John was homeless at forty-six, sleeping either in the streets, in the Rescue Mission or in the city jail’s drunk tank. Over the next few years, he was arrested for siphoning gas from a truck, stealing a car, burglarly, larceny and receiving stolen goods. He turned sixty while serving a three-year sentence in the workhouse.

John was never arrested for theft again but appeared in court countless times on charges of drunkenness, disorderly conduct and breach of the peace. In August 1974, by which time he was known to everyone as Whiskey John, he was arrested seven times in four days. Every few months he was hospitalised with lacerations on his forehead, contusions on his head, abrasions on his arms, chest and sides and fractured ribs—all injuries that he sustained when he threw himself in front of moving cars. Once, a car crushed his foot and doctors had to amputate his toes.

On April 4th, 1976, John was beaten to death in the hallway of an apartment where he was staying. He was seventy-one years old.
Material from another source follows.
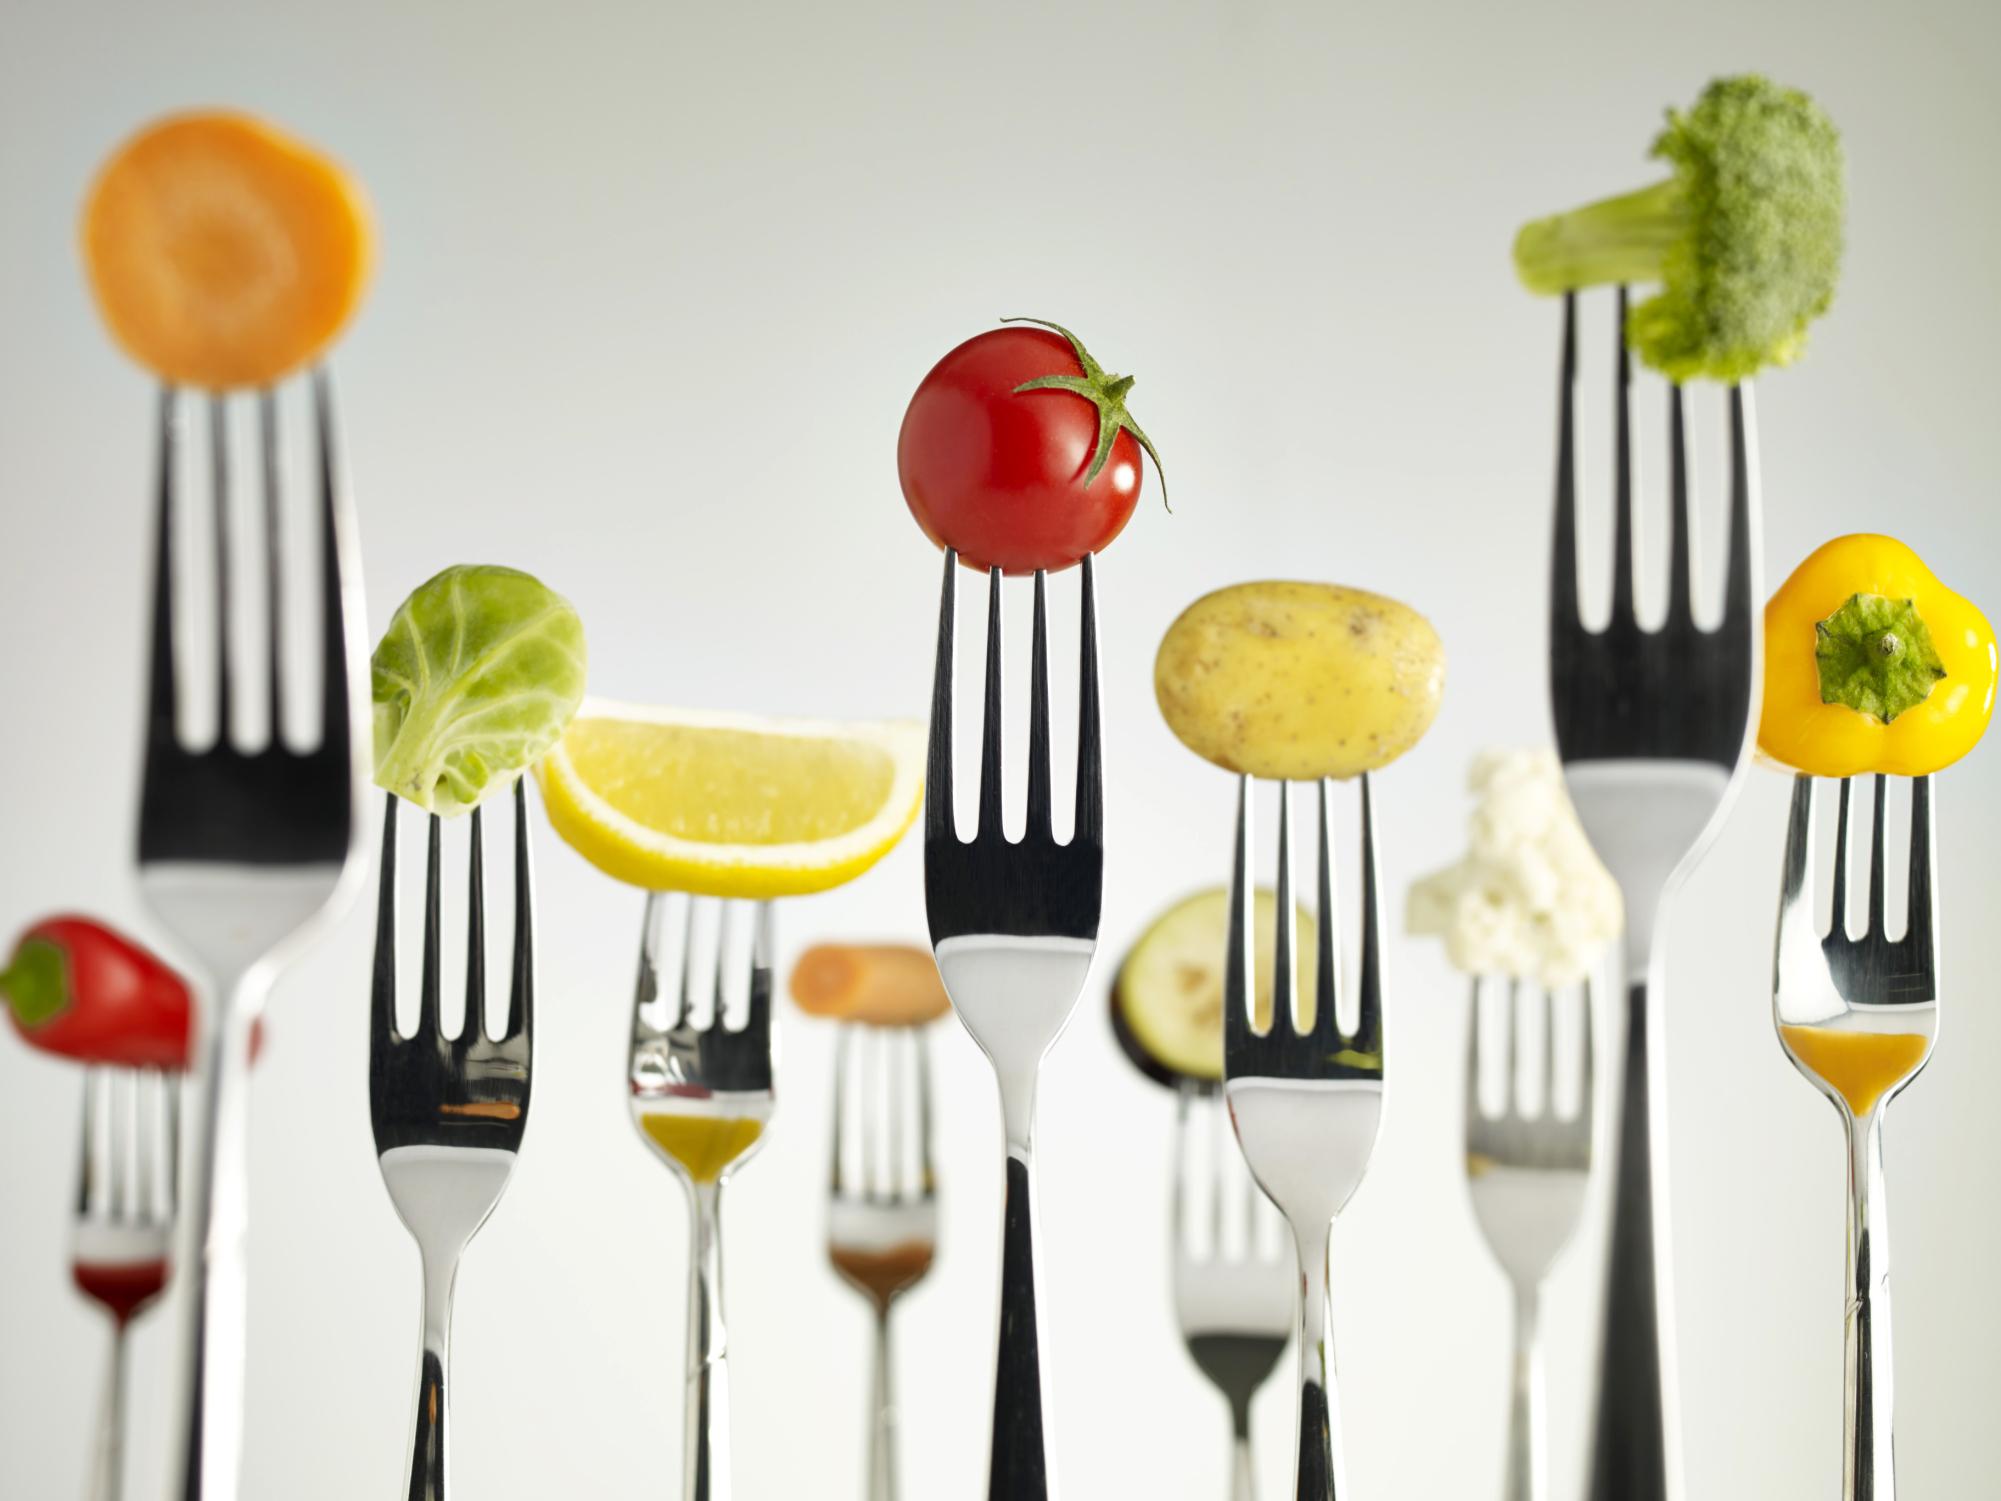 Κύρια φωτογραφία για το άρθρο: Συμπτώματα και αιτίες υποσιτισμού

There were no leads, and his killer was never found.

Sources: Altoona Mirror (20 June 1918, “Irving Honor Roll”; 8 Oct 1929, “Logantown AC Plans For Annual Opening”; 25 Jan 1934, “Arrest Boys At Drinking Places”; 18 April 1934, “Four Autos Are Reported Stolen”; 5 Aug 1934, “Men Fined $100 For Scene On 11th Street”’; 22 Jan 1943, “Join Engineers”; 29 Dec 1952, “Defendants To Enter Submissions In Court”; 7 May 1953, “Vagrant Given Term In Jail”; 29 Sep 1953, “Grand Jury To Weigh Evidence”; 1 Feb 1958, “Arrest Trio For Two Burglaries At City Plant”; 6 Oct 1959, “Four Caught Stealing Gas”; 15 June 1960, “3 Altoonans Captured In Stolen Auto”; 7 July 1960, “Three Altoona Men Sentenced To Workhouse”; 2 Oct 1963, “Work Of Grand Jury Nears End”; 1 Feb 1964, “Hospital Treats Varied Injuries”; 2 June 1964, “City Hospital Treats Injuries”, 15 Feb 1966, “City Hospital Treats Injuries In Dispensary”; 12 March 1966, “Hospital Treats Varied Injuries In Dispensary”; 29 Jun 1966, “Fall Victims Admitted To Mercy Hospital”; 17 Dec 1966, “Altoona Hospital”; 2 Sep 1969, “Hospital Treats Varied Injuries In Dispensary”; 29 Sep 1969, “3 Hurt On Blair Roads; Loss $12,680”; 14 April 1970, “Men Fined In Police Court For Disturbance”; 14 April 1971, “Held For Misconduct”; 22 April 1971, “Hospital Treats Varied Injuries”; 21 Jun 1971, “Hospital Treats Varied Injuries”; 29 Oct 1971, “Misconduct Case Delay Laid To Police Mixup”; 16 Oct 1973, “City Man Jailed For Misconduct”; 26 Aug 1974, “Altoona Hospital”; 17 May 1987, “Unsolved Homicide Cases Still Baffle Police”); Tyrone Daily Herald (26 Aug 1974, “News From Altoona”; 5 April 1976, “News From Altoona”; 8 April 1976, “Death Ruled Homicide”).


  1. Poor guy. I want to give him a quid for a can of Special but that wouldn’t help either.

  2. He finally got the death he had wanted for so long. But it took 71 years to come. Sometimes you just have to marvel at how harsh life can be. And how important it is, not to forget, amid the iPads and the Androids and the websites and the distractions, that people suffer. I think it makes us a little kinder to each other, to have these reminders.

    • You’re quite right, I think. Also, it’s tempting to try to imagine what might have happened to a guy like this to turn him into such a ruin, but you have to accept that there is rarely any one thing that you can point to in someone’s life as being the cause of it all.